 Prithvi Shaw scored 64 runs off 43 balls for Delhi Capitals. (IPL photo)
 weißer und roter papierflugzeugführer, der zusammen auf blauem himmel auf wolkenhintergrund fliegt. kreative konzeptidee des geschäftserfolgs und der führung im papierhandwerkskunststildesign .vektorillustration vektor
* * *
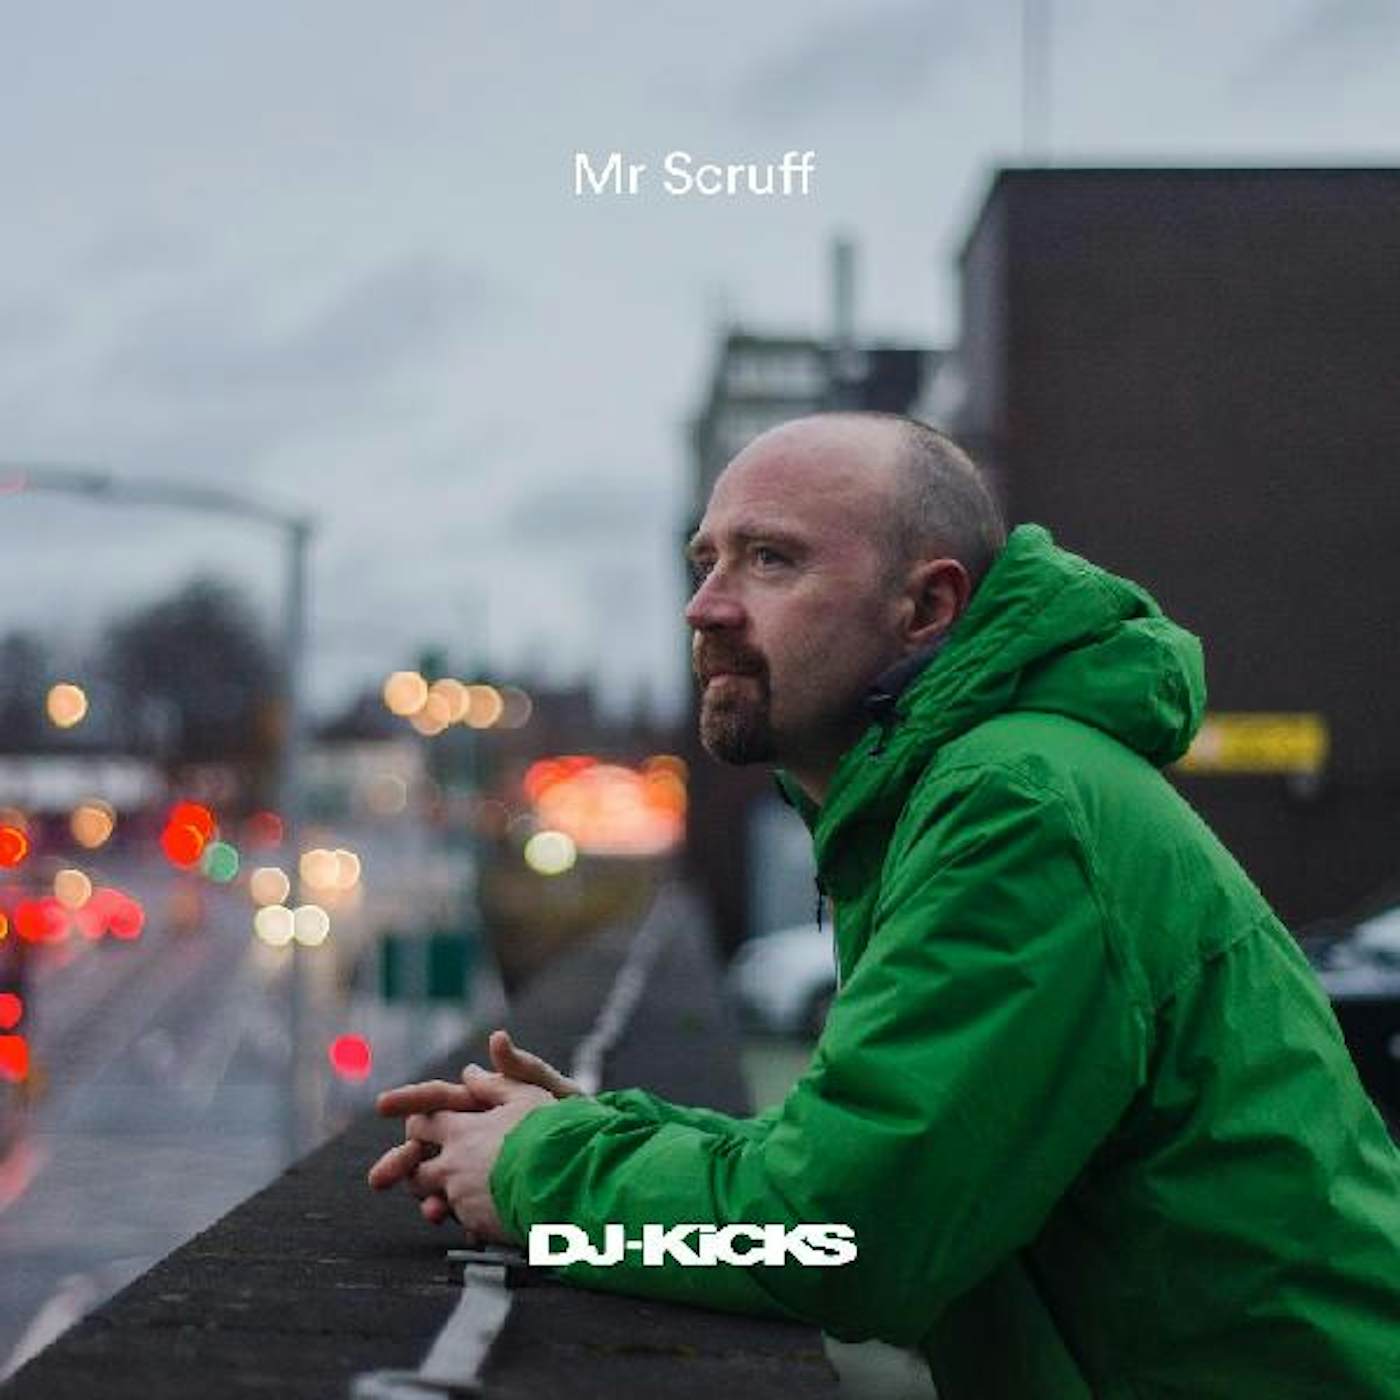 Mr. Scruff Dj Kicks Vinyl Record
...
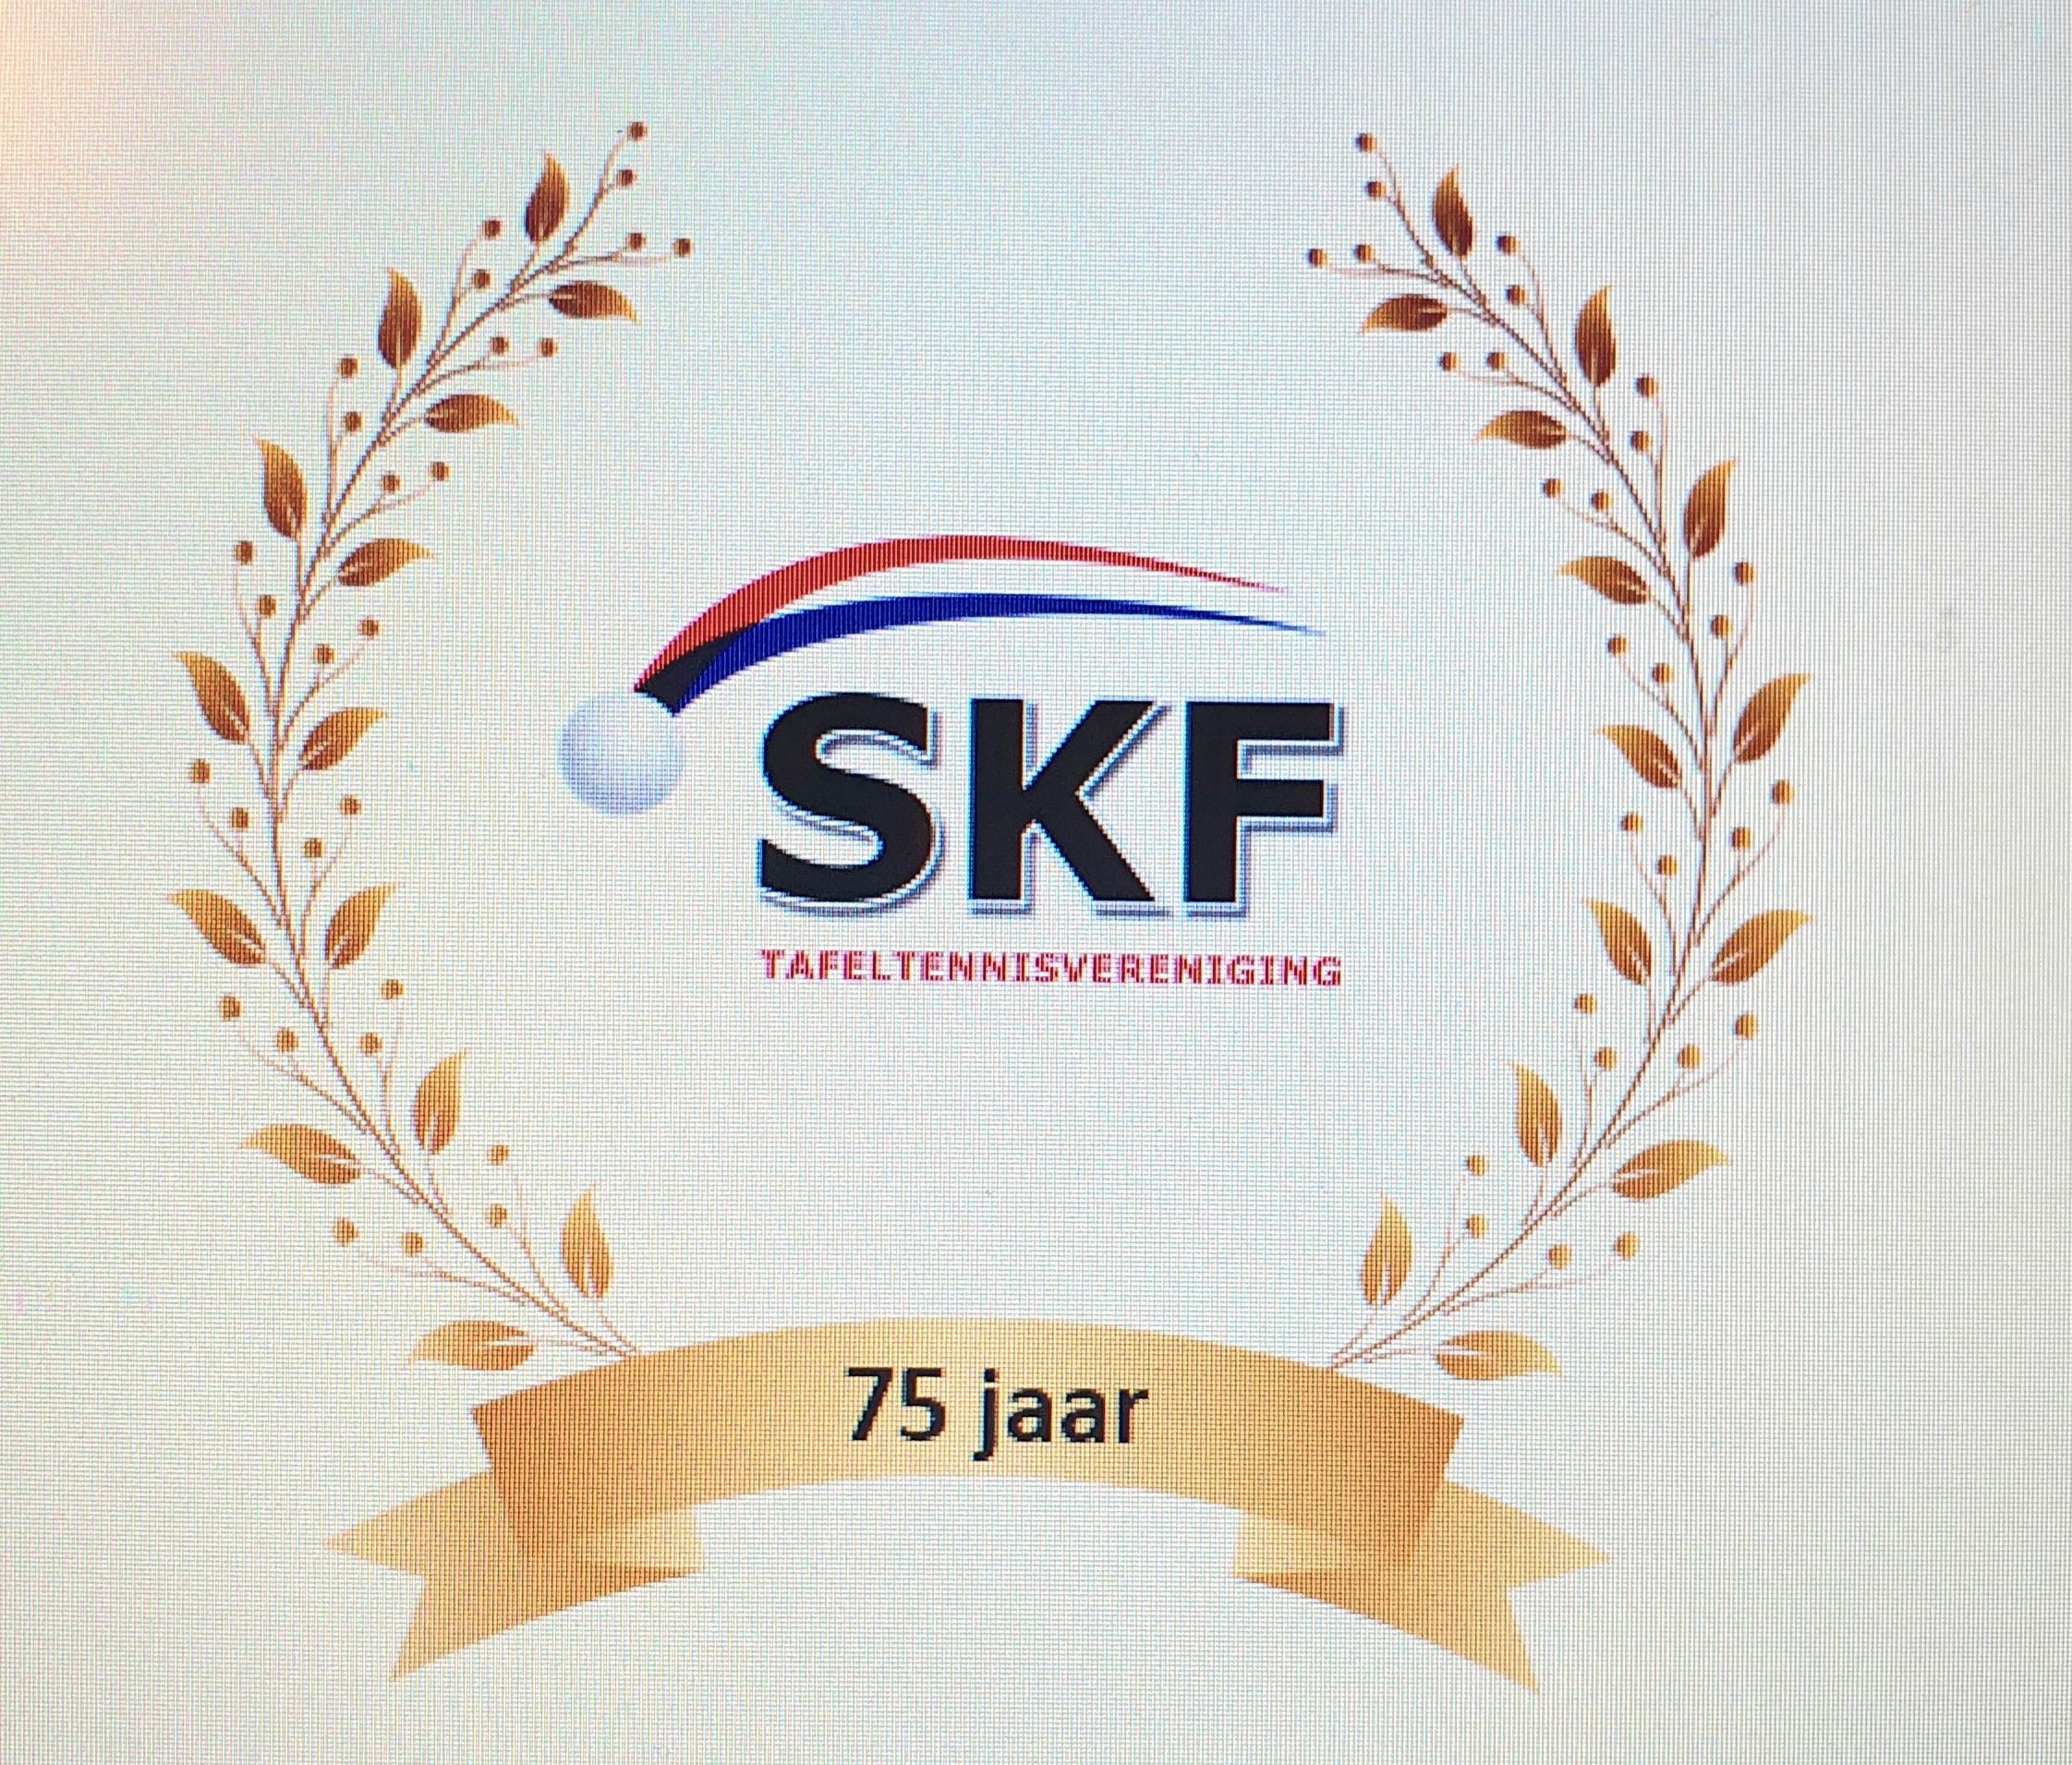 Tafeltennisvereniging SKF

About this exercise:
Return, unchanged, the run of lines above that opens with the line containing "Prithvi Shaw scored" and closes with the line containing "weißer und roter". Include both.

Response below:
 Prithvi Shaw scored 64 runs off 43 balls for Delhi Capitals. (IPL photo)
 weißer und roter papierflugzeugführer, der zusammen auf blauem himmel auf wolkenhintergrund fliegt. kreative konzeptidee des geschäftserfolgs und der führung im papierhandwerkskunststildesign .vektorillustration vektor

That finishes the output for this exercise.